The reason that you are unlikely to find this notion appearing in the literature is that it is not nearly as well-behaved as it is in the algebraic situation.
Let us take our base definition of an integral finite type $k$-scheme (for some field $k$) as one which is reduced (i.e. the local rings are reduced) and irreducible. The reducedness condition is (roughly) OK in the rigid setting, but irreducibility is much, much more delicate.
Example: The closed disk $\{|x|\leqslant 1\}$ is not topologically irreducible. Indeed, this is equivalent to all non-empty open subsets being dense, but if $a$ is such that $|a|=1$, then $\{|x-a|<1\}$ and $\{|x|<1\}$ are disjoint open subsets. $\blacksquare$
Since any definition of 'irreducible' should contain the closed disk, we see that naive irreducibility is not a good notion. What is used instead is Zariski irreducibility -- a rigid space $X$ is Zariski irreducible if it cannot be written as a union of two disjoint Zariski closed subsets. This is then satisfied if $X$ is the closed unit disk.
The problem is that Zariski irreducibility is not preserved under passage to arbitrary possibly non-Zariski (e.g., affinoid) opens, and so doesn't behave as you would expect. The reason for this is that the topology of rigid spaces is much richer.
Example: Let $X=\mathrm{Spa}(\mathbb{Q}_p[x,y](y^2-x^3-x^2))$. Then, $X$ is irreducible, essentially because $\mathrm{Spec}(\mathbb{Q}_p[x,y]/(y^2-x^3-x^2))$ is. That said, consider the affinoid open $\{|x|\leqslant \tfrac{1}{2}\}$. Then, one can see that $$\sqrt{1+x}=1+\sum_{n\geqslant 1}{{\tfrac{1}{2}}\choose{n}}x^n,$$ converges $p$-adically on this affinoid, and thus $y^2-x^3-x^2$ is no longer Zariski irreducible. $\blacksquare$
Compare this with the notion of (geometrically) unibranch from scheme theory, where the above also gives a non-example. The non-unibranchness is detected by so-called 'analytic branches', which are something like irreducible components which appear 'analytically locally'. That is what is happening in the previous example, except in the analytic world 'analytically locally' is not a drastic operation, but the basic one!

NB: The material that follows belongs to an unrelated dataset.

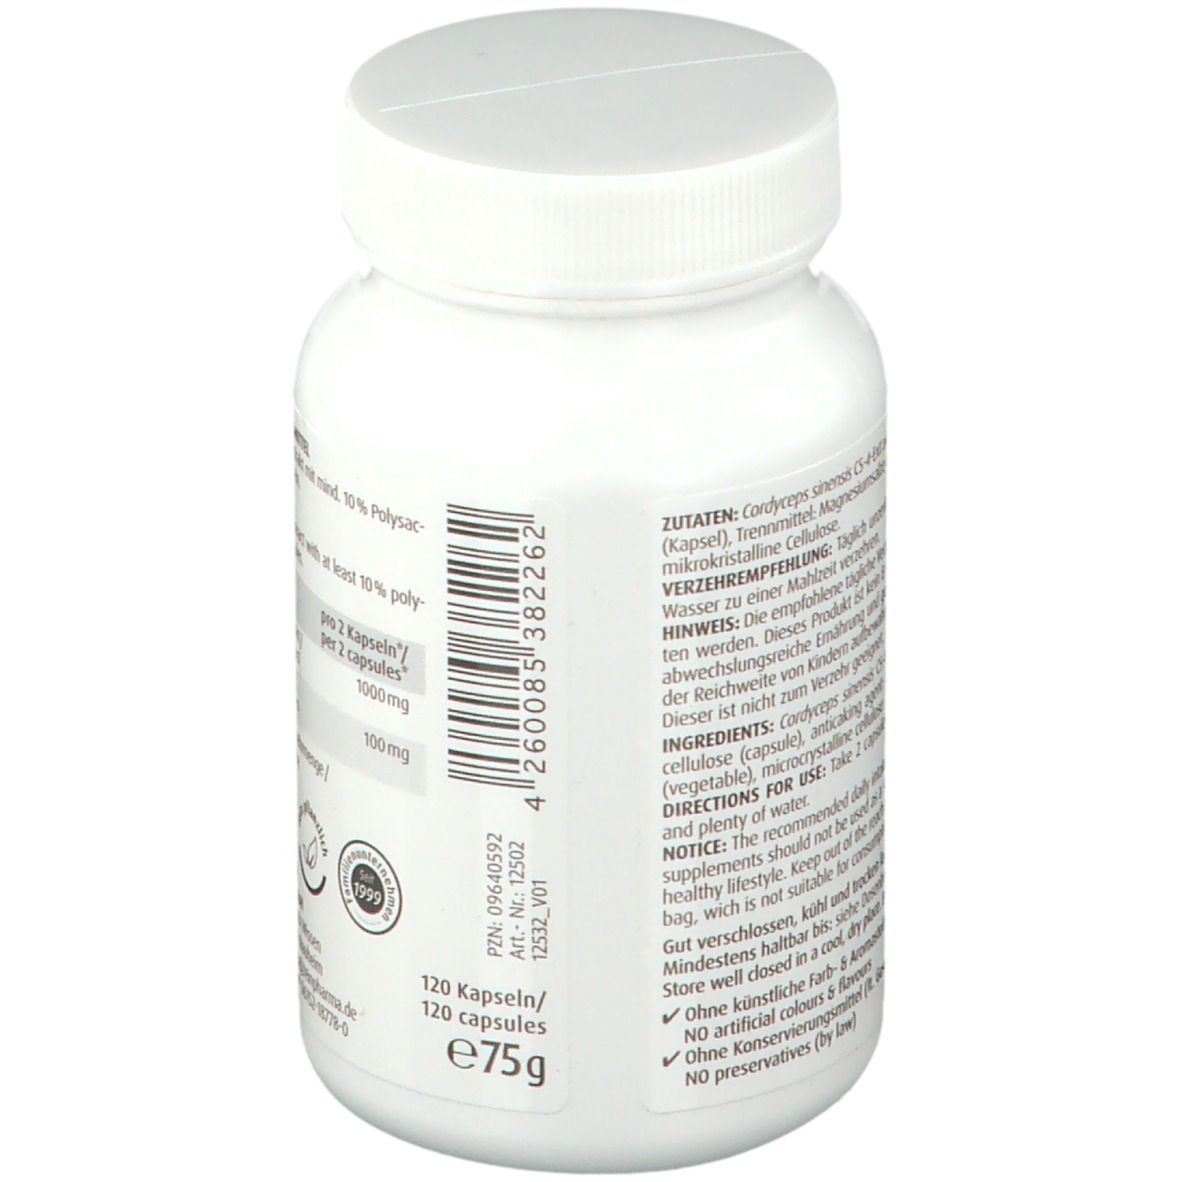 ZeinPharma® Cordyceps CS 4 Extrakt Kapseln 500 mg

Given this, a hint towards at least one good integral-like notion for rigid spaces is that of normal rigid spaces (compare with this). In particular, if $X$ is a normal rigid space, and $U\subseteq X$ is a connected affinoid open, then $\mathcal{O}(U)$ is an integral domain (cf.[1, Corollary 3.3.21]).
References:
1 Berkovich, V.G., 2012. Spectral theory and analytic geometry over non-Archimedean fields (No. 33). American Mathematical Soc..